\[\Large\displaystyle \int_0^{1} \frac{\arccos^4 \left(x^2\right)}{\sqrt{1-x^2}}\,\mathrm{d}x\]
\(\Large\mathbf{Solution:}\)
Let \(I\) denote the integral.
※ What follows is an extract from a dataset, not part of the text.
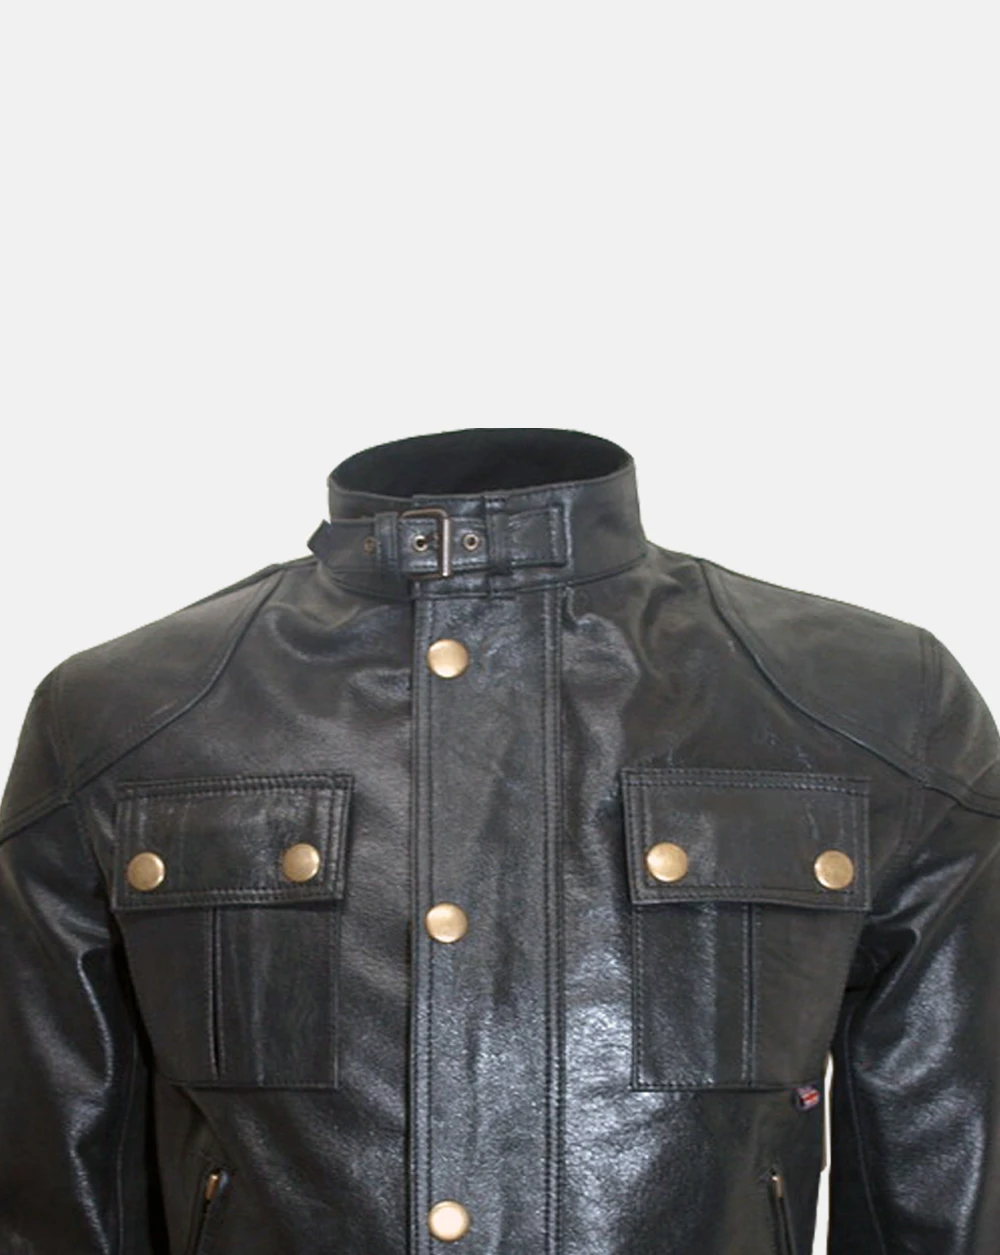 Buy Cougar Legend Leather Jacket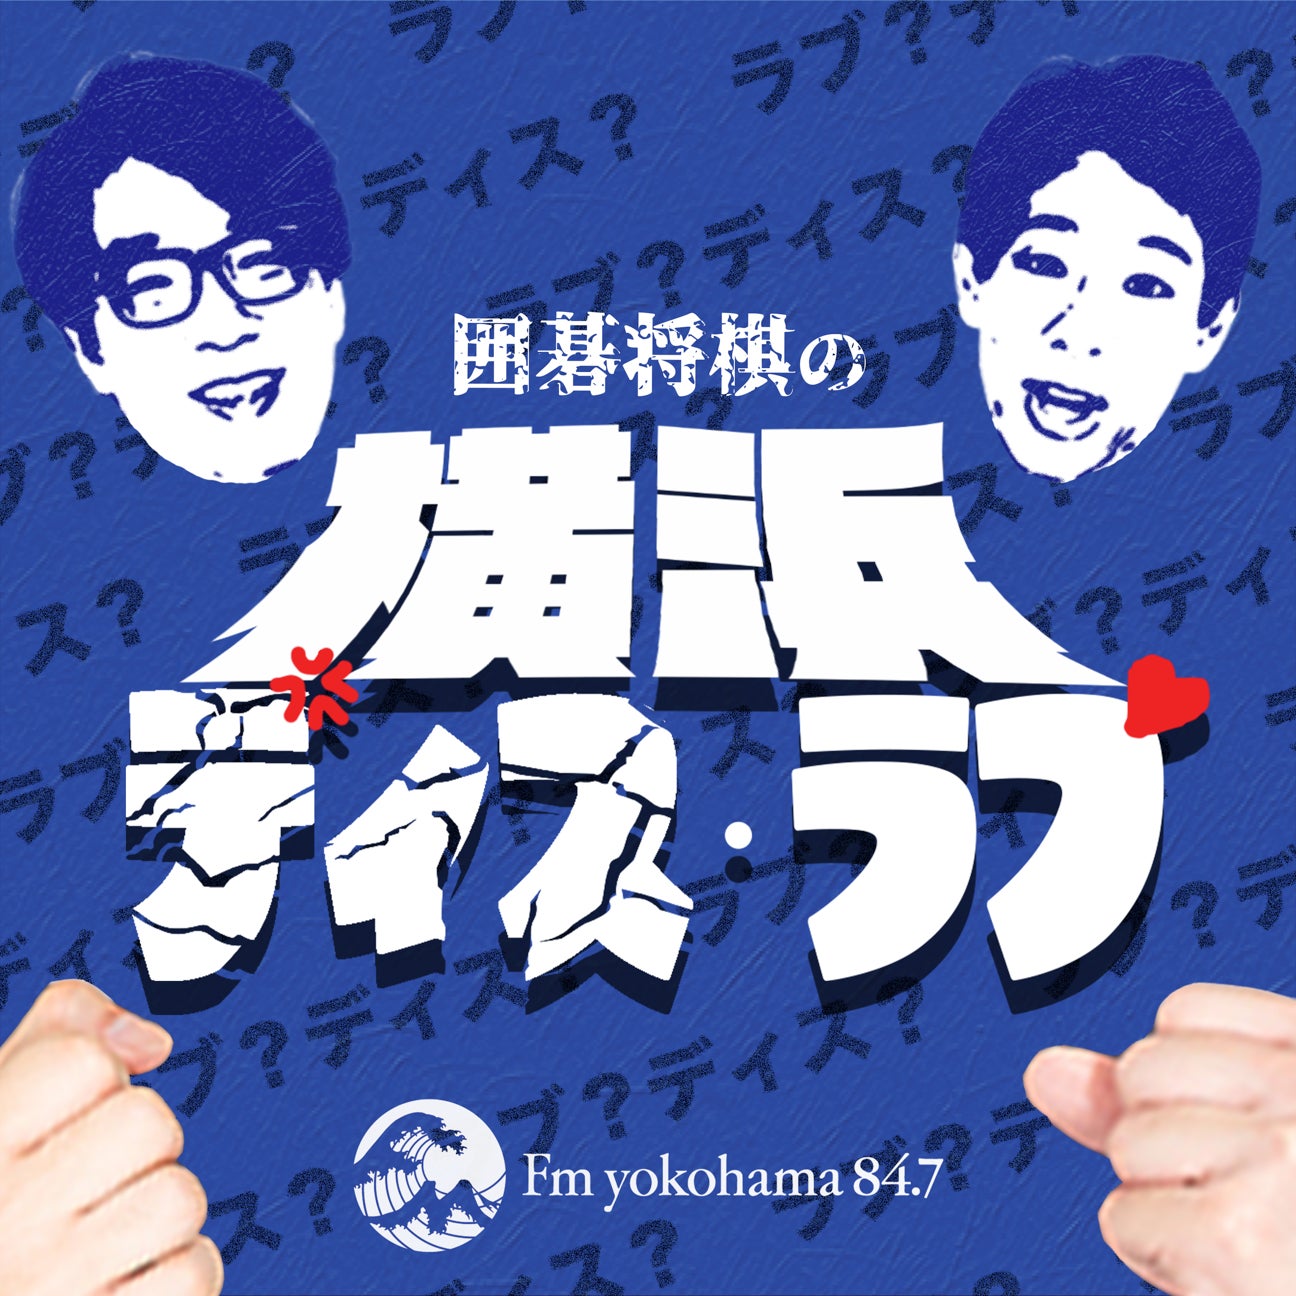 囲碁将棋が担当する新番組「神奈川ディス・ラヴ」がスタート！

Using the substitution \(x=\sqrt{\cos t}\), we get
\[I=\frac{1}{2}\int_0^{\frac{\pi}{2}}\frac{t^4\sin(t)}{\sqrt{\cos t-\cos^2t}}\mathrm{d}t=\frac{1}{\sqrt{2}}\int_0^{\frac{\pi}{2}}\frac{t^4\cos\left(\dfrac{t}{2} \right)}{\sqrt{1-2\sin^2\left(\dfrac{t}{2} \right)}}\mathrm{d}t\]
Next, substitute \(\displaystyle 2\sin^2\left(\frac{t}{2}\right)=\sin^2\theta\) to get
\[I=16\int_0^{\frac{\pi}{2}}\left[\sin^{-1}\left(\frac{\sin\theta}{\sqrt{2}} \right) \right]^4\; \mathrm{d}\theta\]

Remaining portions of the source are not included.